3.An intervention study on the effects of vitamin D 3 on cognitive function and blood inflammatory cytokines in patients with Alzheimer's disease
Jingya JIA ; Ying XIONG ; Chong CHEN ; Keran DUAN ; Tong YANG ; Hualou WANG ; Fei MA
Chinese Journal of Geriatrics 2021;40(11):1357-1362
Objective:To assess the effects of a 12-month vitamin D 3 intervention on cognitive function and blood inflammatory cytokines in subjects with Alzheimer's disease(AD). Methods:Two hundred and ten AD patients were randomly divided into the intervention and control groups, with 105 patients in each group.The intervention group received vitamin D 3 800 U/day and the control group received a placebo for 12 months.Repeated-measures analysis of variance was used to evaluate the effects of vitamin D and placebo on cognitive performance and blood inflammatory cytokines at baseline, month 6 and month 12. Results:During the follow-up, serum 25(OH)D 3( F=712.086, P<0.001)and 1, 25(OH) 2D 3( F=372.038, P<0.001)concentrations in the intervention group were significantly higher than those in the control group.Changes in FSIQ, VIQ and PIQ between the groups, between different time points and with interaction between the variables taken into account were statistically significant(all P<0.001).

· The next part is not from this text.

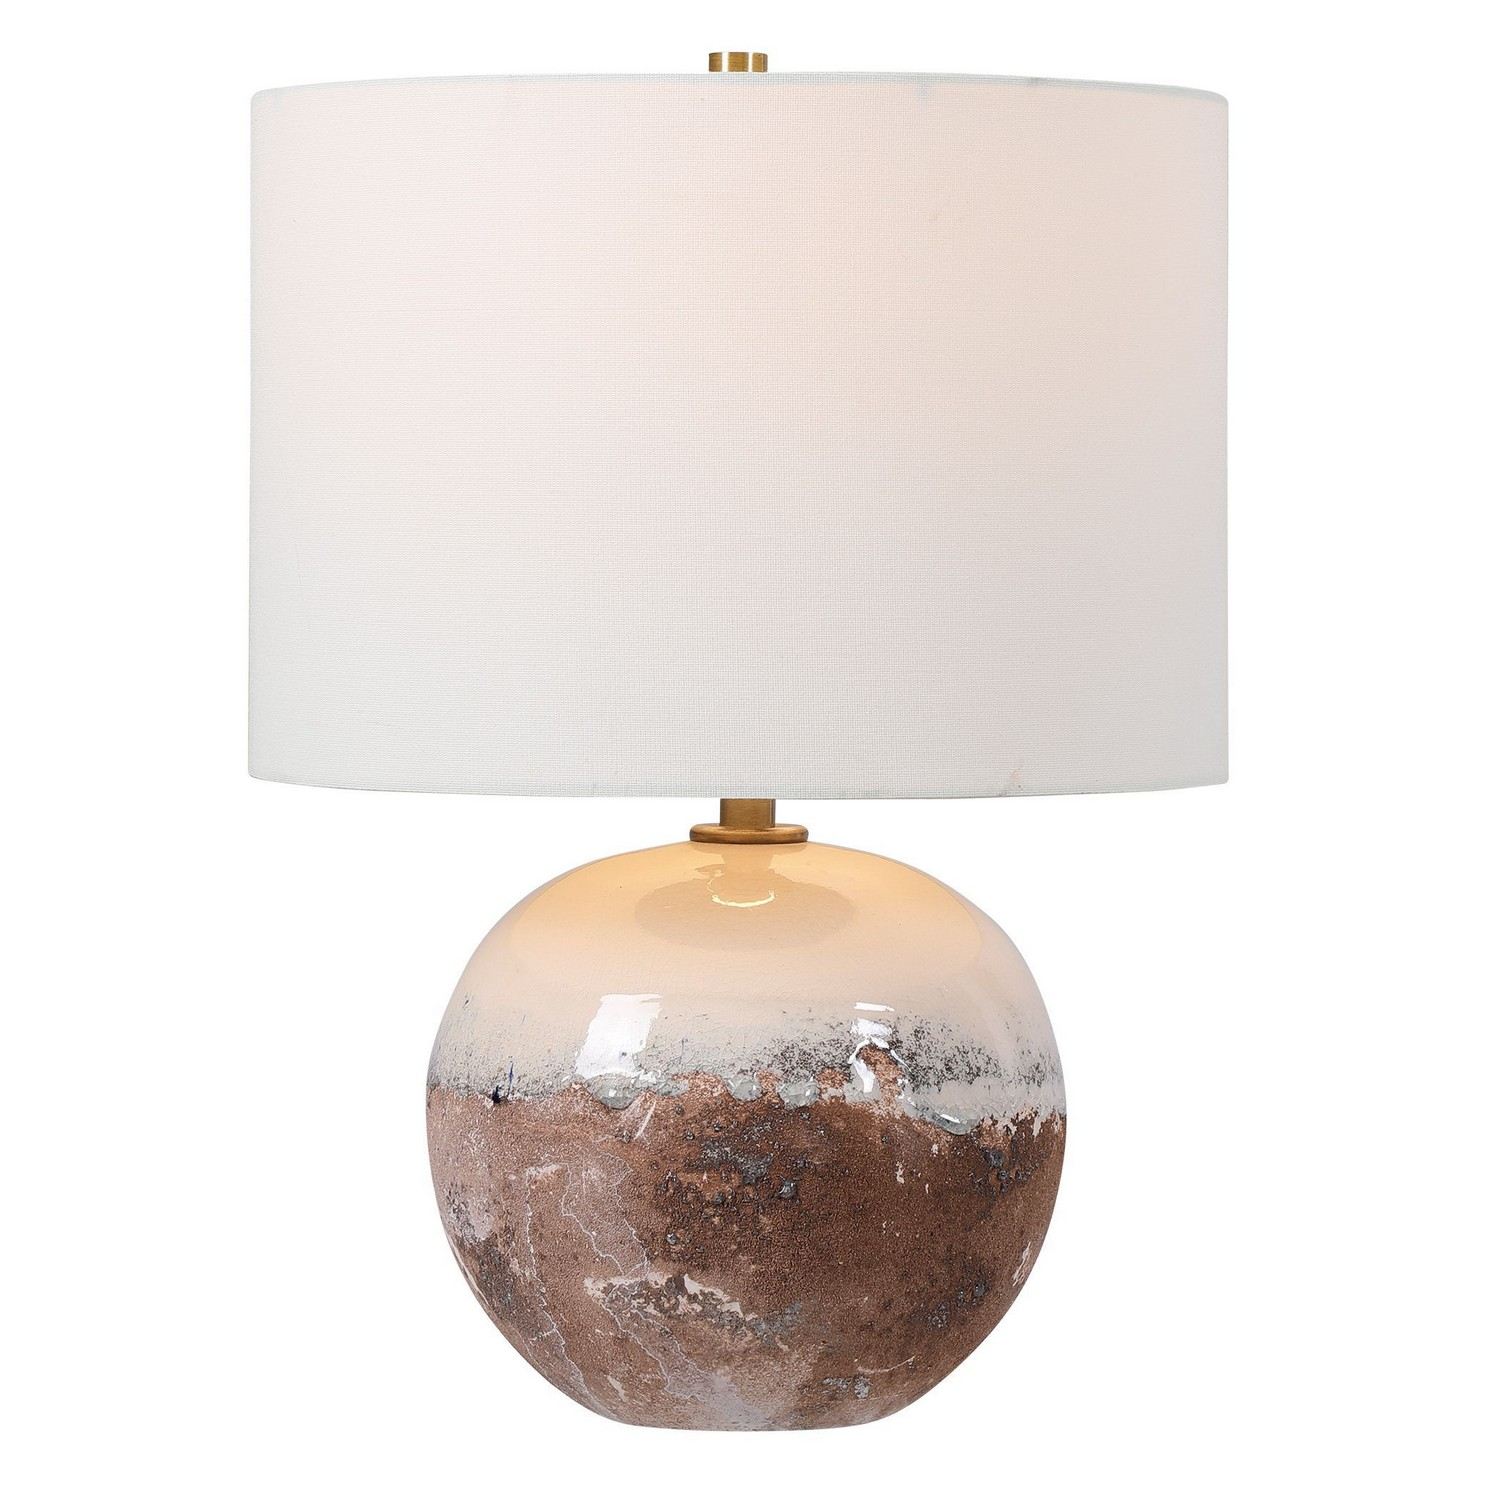 Uttermost Durango Accent Lamp - Terracotta

Compared with the control group, interleukin-6(IL-6)( F=341.344, P<0.001)and tumor necrosis factor-α(TNF-α)( F=9.580, P<0.001)levels in the intervention group were significantly decreased, and the ratio of Aβ40 to Aβ42 was increased( F=4.617, P=0.010). There were interaction effects between group and time.Except for intervention effects, the baseline concentration of 25(OH)D 3 was positively correlated with scores of FSIQ( β=0.016, P=0.031)and VIQ( β=0.017, P=0.031). Conclusions:Daily oral vitamin D 3 supplementation(800 U/day)for 12 months may improve cognitive function and change inflammatory cytokines in elderly patients with AD.